Our brain would lead us to amplify the differences between two memories, when these correspond to similar events, in order to better memorize them.
- To avoid saturation, neurons regularly sort through our memories and the details of most of them fade as time passes.
- Memory warping is an adaptive behavior to resolve interference between memories.
We have all had this type of experience: we tell a story that we lived several years ago, being sure to remember perfectly every detail. But another person present that day interrupts you to point out that no, things did not turn out exactly the way you say.
Who to believe in such cases? Probably no one, or both. Because it’s a natural process of our brain: to avoid saturation, neurons regularly sort through our memories and the details of most of them fade as time passes.
For example, if you celebrate your birthday two years in a row at home with more or less the same guests, you will for example tend to confuse these two events more easily. So, to help you remember whether you were 28 or 29, you’ll focus on details that help you distinguish between the two events, such as telling yourself that the cake was better or that so-and-so is not did not come that year.
This brain process has been studied by American researchers at the University of Oregon. Featured in JNeurosci, their work was carried out with 29 volunteers. The latter were invited to participate in an experiment consisting in remembering images of objects associated with faces. Once the cards had been memorized, the participants had to try to find the object affiliated with a face that was shown to them.

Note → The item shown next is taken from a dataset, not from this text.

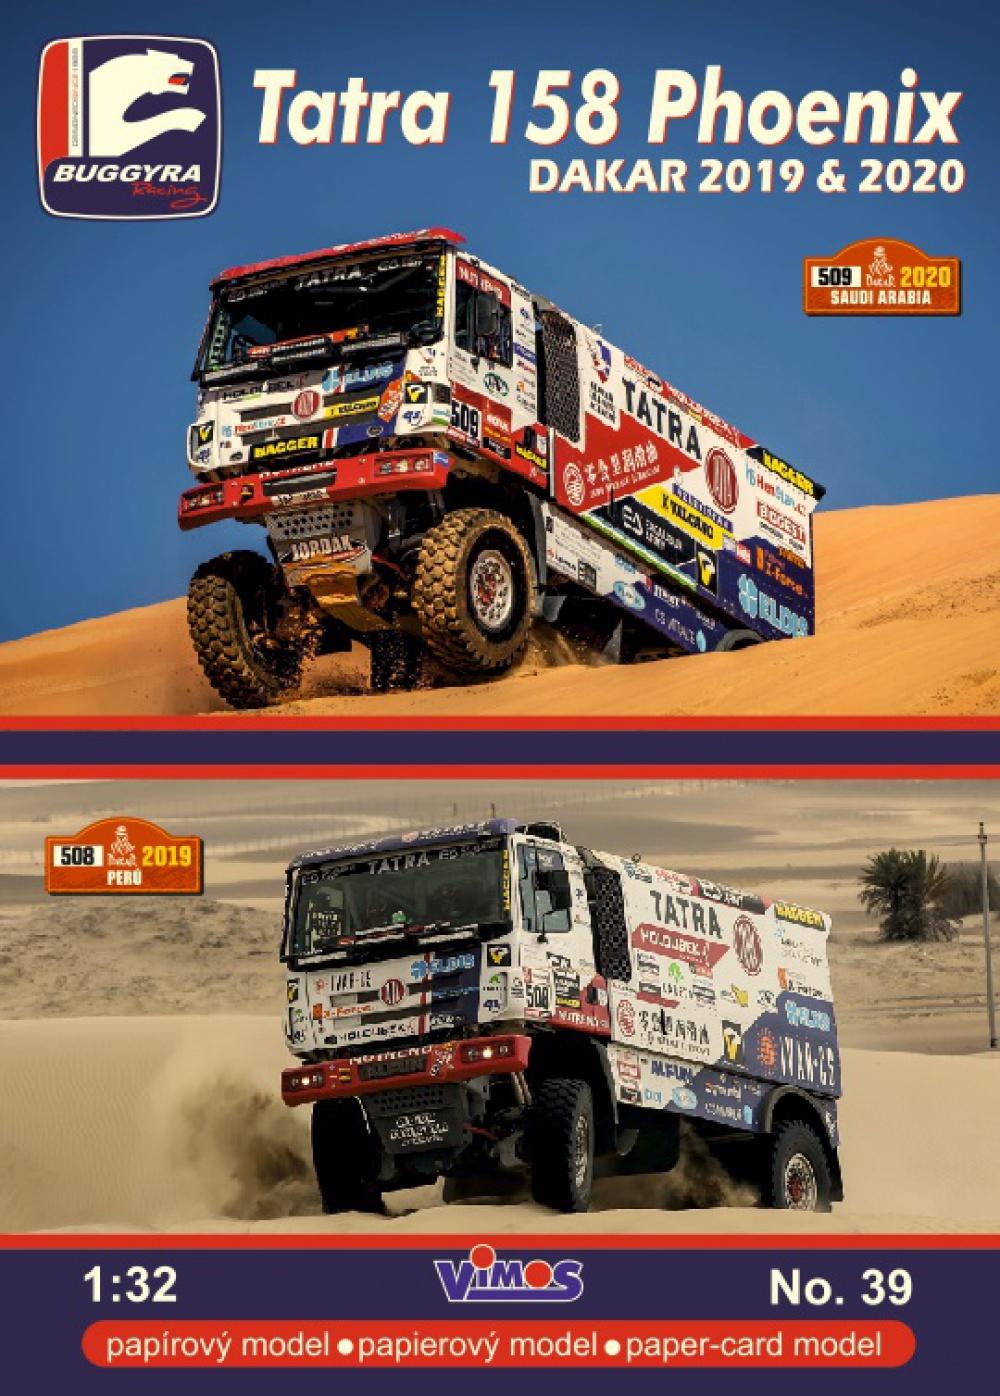 Tatra 158 Phoenix Buggyra - Dakar 1019-2020

An adaptive reaction of the brain
Presented in this way, the exercise may seem easy. But the researchers made sure to introduce extremely similar objects, with subtle variations in the colors, which greatly complicated the task. The next day, the volunteers were again challenged to find the object, but this time from a color wheel.
The researchers found that to better distinguish between objects, the participants exaggerated the sharp differences in colors, ignoring the subtle nuances of hues (transforming for example two kinds of brown into red).
Throughout the experiment, participants’ brain activity was examined from a mmagnetic resonance imaging (MRI) machine, focusing more specifically on the parietal cortex, the area of the brain responsible for our perception of time.
Similarities between memories is a primary cause of interference and forgetting. We believe that memory distortion is an adaptive behavior to resolve interference between memories”, analysis Yufei Zhaon, principal researcher of the study.
In other words, the more the memories resemble each other, the more the brain will tend to amplify the differences in order to distinguish them and better memorize them. And according to the findings of this research, it works!